─── Input data
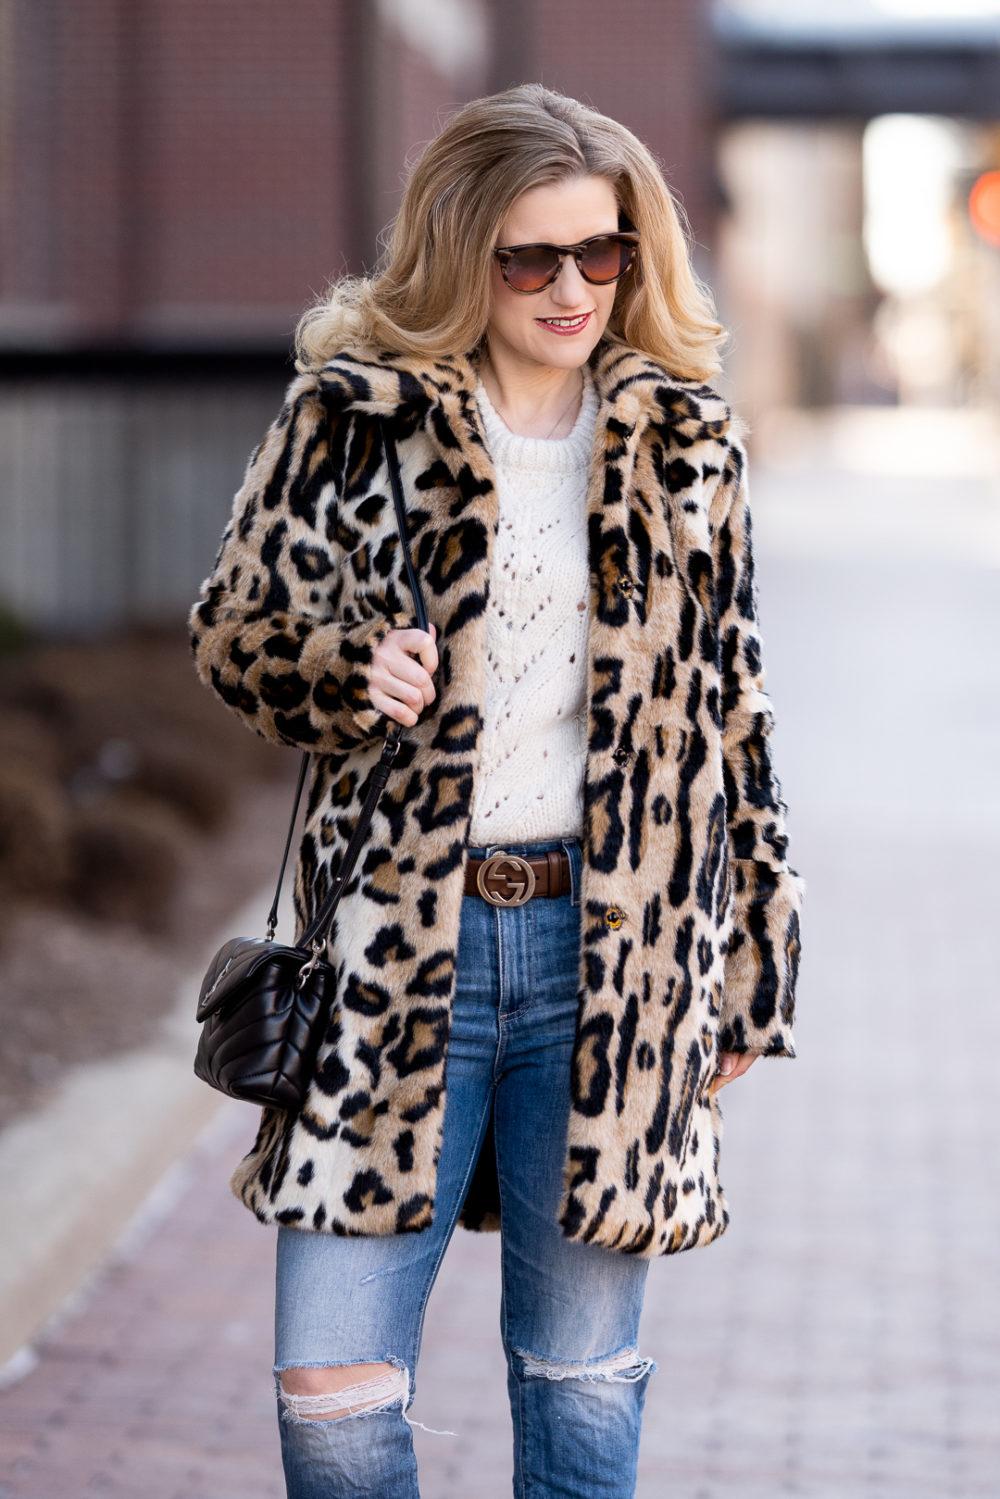 Petite Fashion Blog | Petite Style | Kensie Leopard Coat | Topshop Pointelle Sweater | Gucci Belt | AG Isabella Crop Jeans | YSL Lou Lou Toy Crossbody Bag
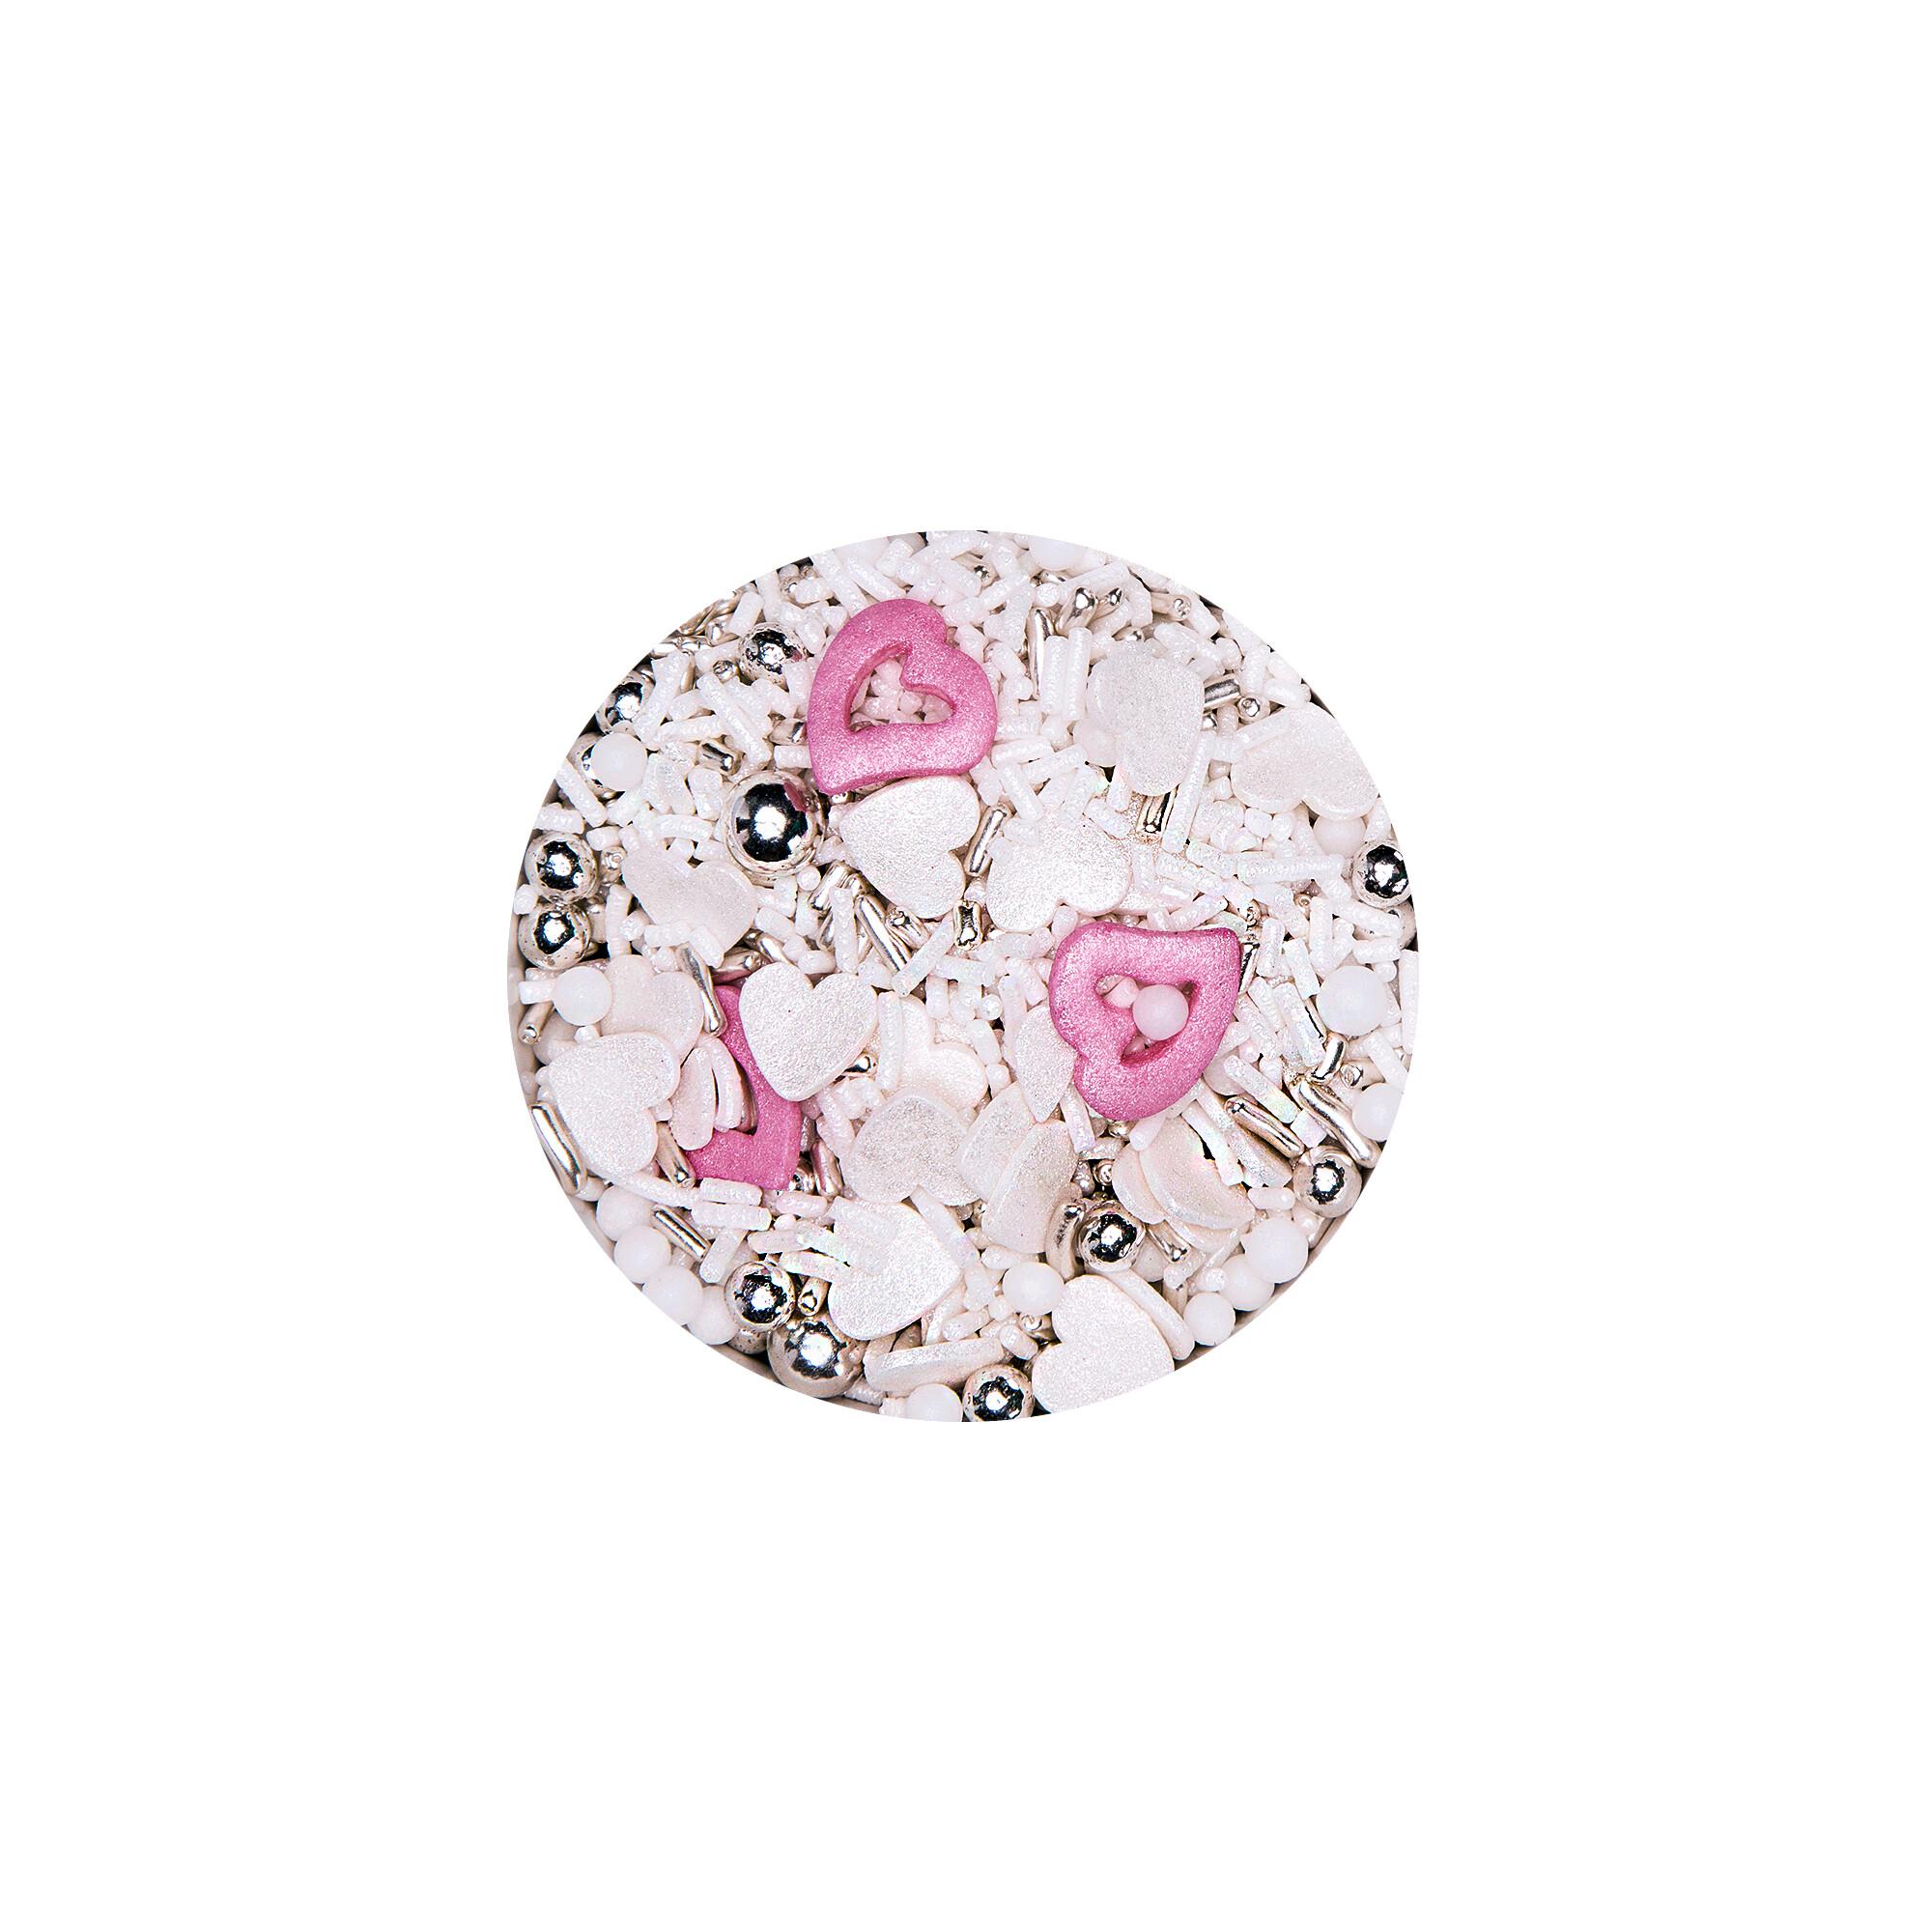 Edible sprinkle decoration - Love - Mix
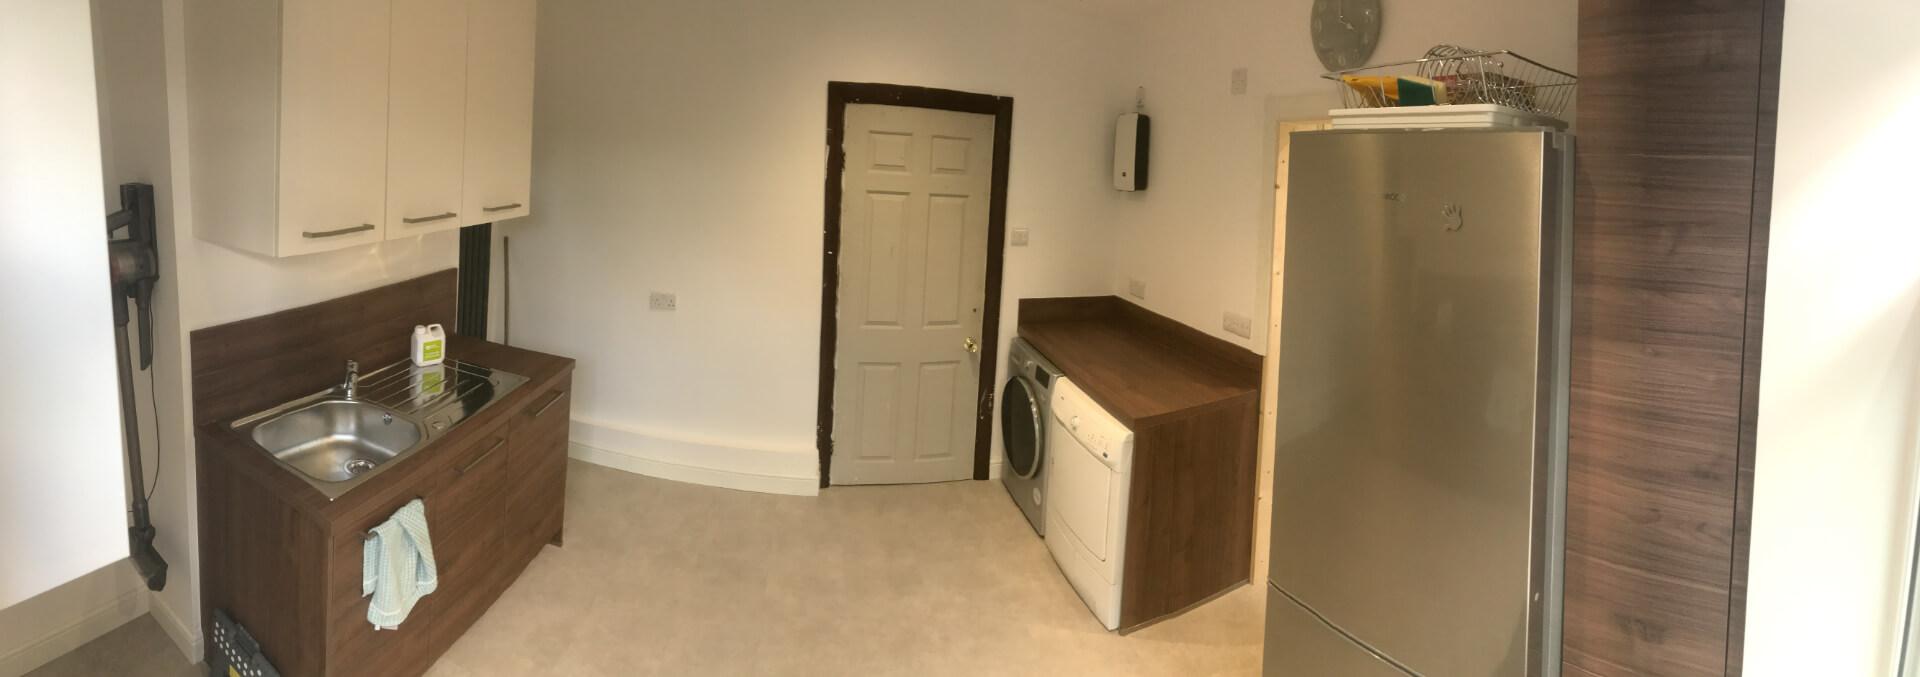 New Utility Room
──────
**Task objective:**
Your answer must be an exact copy of the data above, minus its pictures.

**Solution for this problem:**
 Petite Fashion Blog | Petite Style | Kensie Leopard Coat | Topshop Pointelle Sweater | Gucci Belt | AG Isabella Crop Jeans | YSL Lou Lou Toy Crossbody Bag
 Edible sprinkle decoration - Love - Mix
 New Utility Room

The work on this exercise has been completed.